Therefore increasing both M and r should leave the escape velocity approximately constant.

To see what happens in part 1, we use the same approach I described earlier

v ~ √( (ρ V) / V^1/3)

v ~ ρ^1/2 V^1/3

so the gravity will still increase since square root is more powerful than cube root.

A very convoluted question indeed!

 

[felixcthecat]

The other way around, if you increase to 5M and 2r, gravity increases by a factor of 5/4, which means escape velocity also increases.

oops, yup, rite about that

 

[felixcthecat]

Hi felixcthecat,

After rethinking this problem I've decided that my original conclusions are based on an invalid line of reasoning. The problem is significantly more complicated. We should not be considering the scaling g with M and r, since g is only an indirect measure of the escape velocity. Instead we should consider the scaling of the escape velocity, so the first thing we should do is to derive it.

Escape velocity can be defined as the minimum speed required for an object to reach infinity. We define gravitational potential energy

E_p = - GM m / r

as the energy required to bring an object from infinity to a radius r. So we can say that the work required to take an object from r to infinity is W = - Ep = GMm/r. We can deliver this work by imparting an initial kinetic energy to the projectile equal to K = 1/2 m v².

The condition for escape velocity is thus

K = W

1/2 m v² = GM m / r

so the expression for the escape velocity is

v = √(2G M / r)

and

v ~ √(M / r).

Therefore increasing both M and r should leave the escape velocity approximately constant.

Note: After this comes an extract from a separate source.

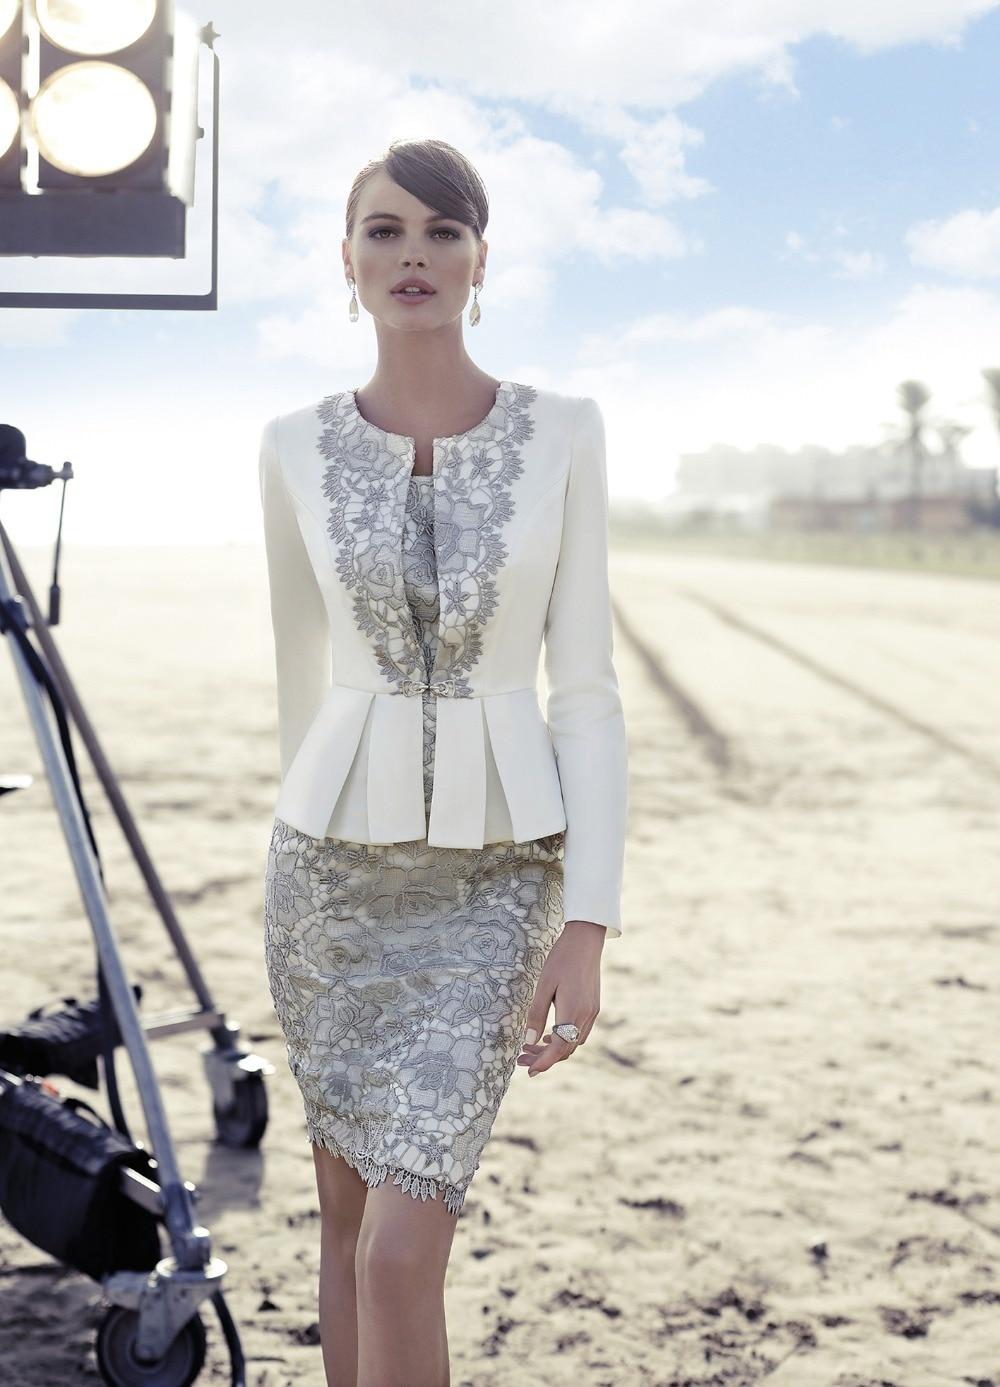 Elegant Lvory Short Lace Mother Of Bride Dress With Jacket Knee-Length Vestidos Madrinha Vestido Mae Da Noiva Curto MBD65

To see what happens in part 1, we use the same approach I described earlier

v ~ √( (ρ V) / V^1/3)

v ~ ρ^1/2 V^1/3

so the gravity will still increase since square root is more powerful than cube root.

A very convoluted question indeed!

i don't get how u got "thus k=w"... is it? ehhe

yea, i was thinking of the escape velocity equation "v = √(2G M / r)" as well.. and atfirst i was wondering whether despite increase in mass and decrease in density (for example 2) whether maybe one is 'more important' than the other hence would influence the escape velocity more despite a same maginitude of change... but from reading the things u deduced, i guess they are all of the same 'importance' and if u change the 2 in the same magnitude in the opposite direction (ie. +/-) then there would be no change of escape velocity.. that's wut i got from ur posts.. is that wut ur thinking? heh, cuz that's wut i'm thinking!!

 

[zeropoint]

i don't get how u got "thus k=w"... is it? ehhe

yea, i was thinking of the escape velocity equation "v = √(2G M / r)" as well.. and atfirst i was wondering whether despite increase in mass and decrease in density (for example 2) whether maybe one is 'more important' than the other hence would influence the escape velocity more despite a same maginitude of change... but from reading the things u deduced, i guess they are all of the same 'importance' and if u change the 2 in the same magnitude in the opposite direction (ie. +/-) then there would be no change of escape velocity.. that's wut i got from ur posts.. is that wut ur thinking? heh, cuz that's wut i'm thinking!!

The work required to reach infinity is W. We perform this work by supplying a kinetic energy equal to W, thus K = W. Is it clear now?

You're thinking is correct, except for the fact that gravity stays the same in part 2 if you change them in the same direction (ie +/+ or -/-), not +/- or -/+.

To summarise:

If you increase density and decrease volume, escape velocity increases since it is more strongly dependent on ρ than V.

If you increase mass and increase radius, escape velocity stays the same since the strength of the positive dependence on M is the same as the strength of the negative dependence on r. Likewise, if you decrease mass and decrease radius, gravity stays the same.

 

[felixcthecat]

The work required to reach infinity is W. We perform this work by supplying a kinetic energy equal to W, thus K = W. Is it clear now?

You're thinking is correct, except for the fact that gravity stays the same in part 2 if you change them in the same direction (ie +/+ or -/-), not +/- or -/+.

To summarise:

If you increase density and decrease volume, escape velocity increases since it is more strongly dependent on ρ than V.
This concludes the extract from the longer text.